Джульетта без имени - Страница 63


К оглавлению

63

Дорога сегодня была не дальняя — до Бескудникова. До войны оно было крупной станцией: двадцать один путь, почти шестьдесят человек сотрудников. Сортировали вагоны, грузили и разгружали металл, щебень, продукты... С тех пор вагоны так и остались на путях. Когда радиационный фон в Москве упал и появилась возможность выходить на поверхность относительно безопасно, жители севера Серой ветки первыми добрались до Бескудникова. Конечно, искали то, что было нужно в первую очередь, — съестное, горючее, промышленные товары. Увы, с этим как раз было туго. Зато нашлось еще кое-что полезное — на длинной вытяжке, что за третьим путем, в крытых вагонах лежали мешки калийной селитры. Сначала на них никто и внимания не обратил, однако потом, когда вышли доступные запасы готовой пищи и началось грибоводство, про груз вспомнили.

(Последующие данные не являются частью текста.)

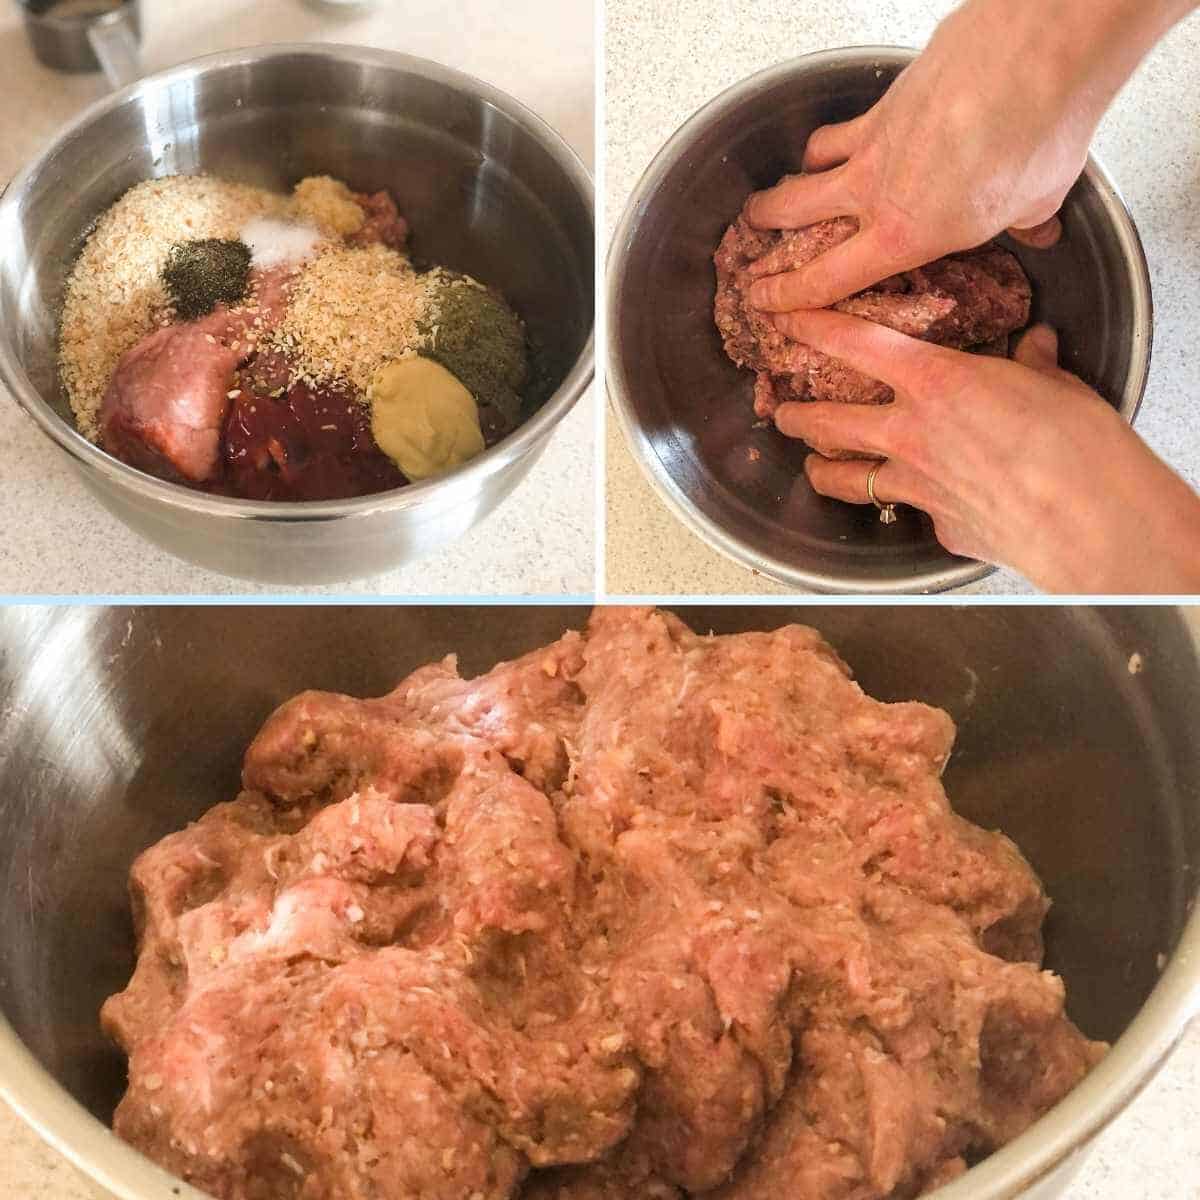 Three photos showing meatloaf ingredients, mixing with hands, and the mixture ready to bake.
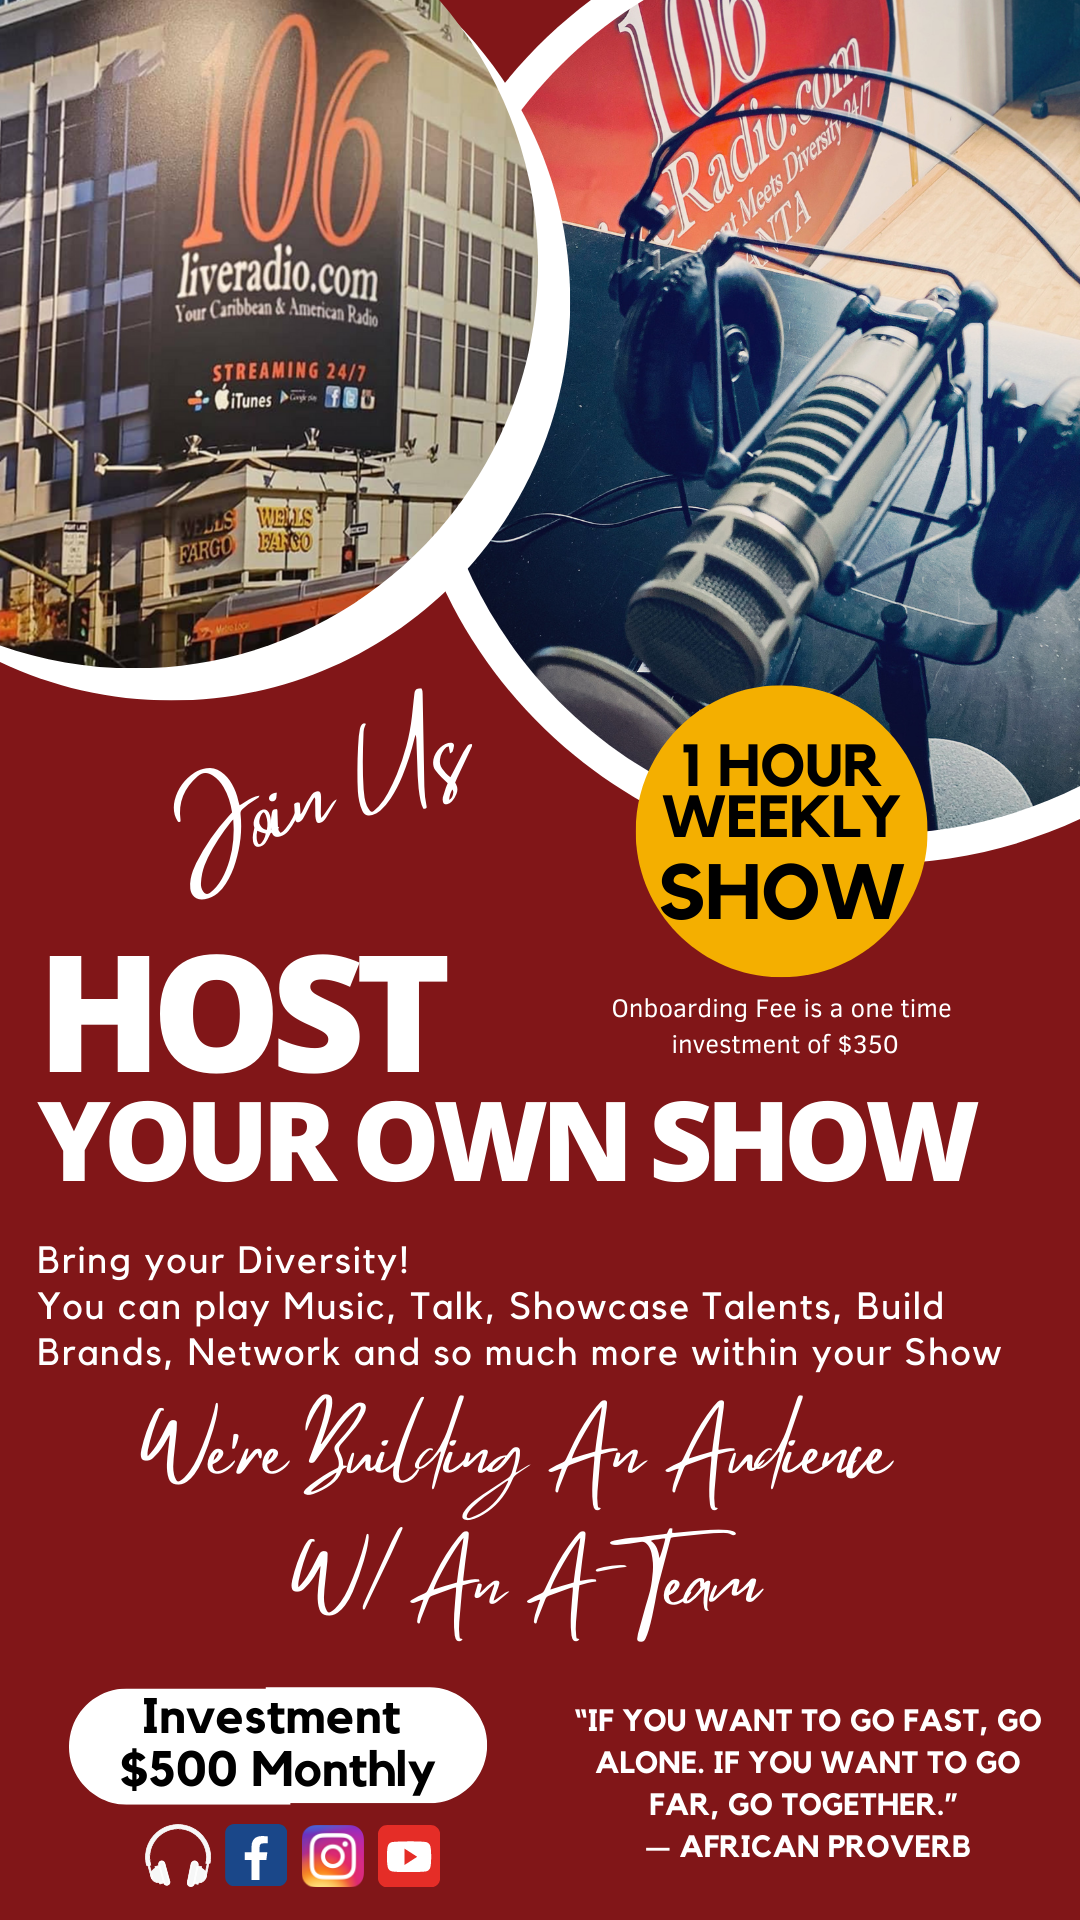 Host your own show

Калийная селитра — хорошее комбинированное удобрение, сущий подарок огороднику. Грибам она тоже пришлась по вкусу. В том, что сперва Бибирево, а потом — после своего образования — и все Содружество никогда не испытывали трудностей с едой, — огромная заслуга этих неказистых полиэтиленовых мешков с белым, похожим на сахар, порошком. Проблема с селитрой была одна: тащить здоровенные мешки до метро тяжело и небезопасно. Да и не перетаскаешь их просто так — в вагоне груза на шестьдесят тонн, а вагонов три с небольшим десятка. В то же время оставлять груз на путях тоже было не с руки — вдруг что? Тут тебе и погода, и твари, и Алтуфьево с его разбойничьей вольницей под боком — кто-нибудь да подгадит. В итоге для бережения селитры от врага было решено перенести хоть часть мешков в здание станционного павильона, а сам павильон закрыть покрепче. Так и сделали — в течение нескольких месяцев почти каждую ночь наряды со станций Содружества, составленные из тех жителей, кто был в силах, перетаскивали и прятали пятидесятикилограммовые мешки. Освободить получилось три вагона.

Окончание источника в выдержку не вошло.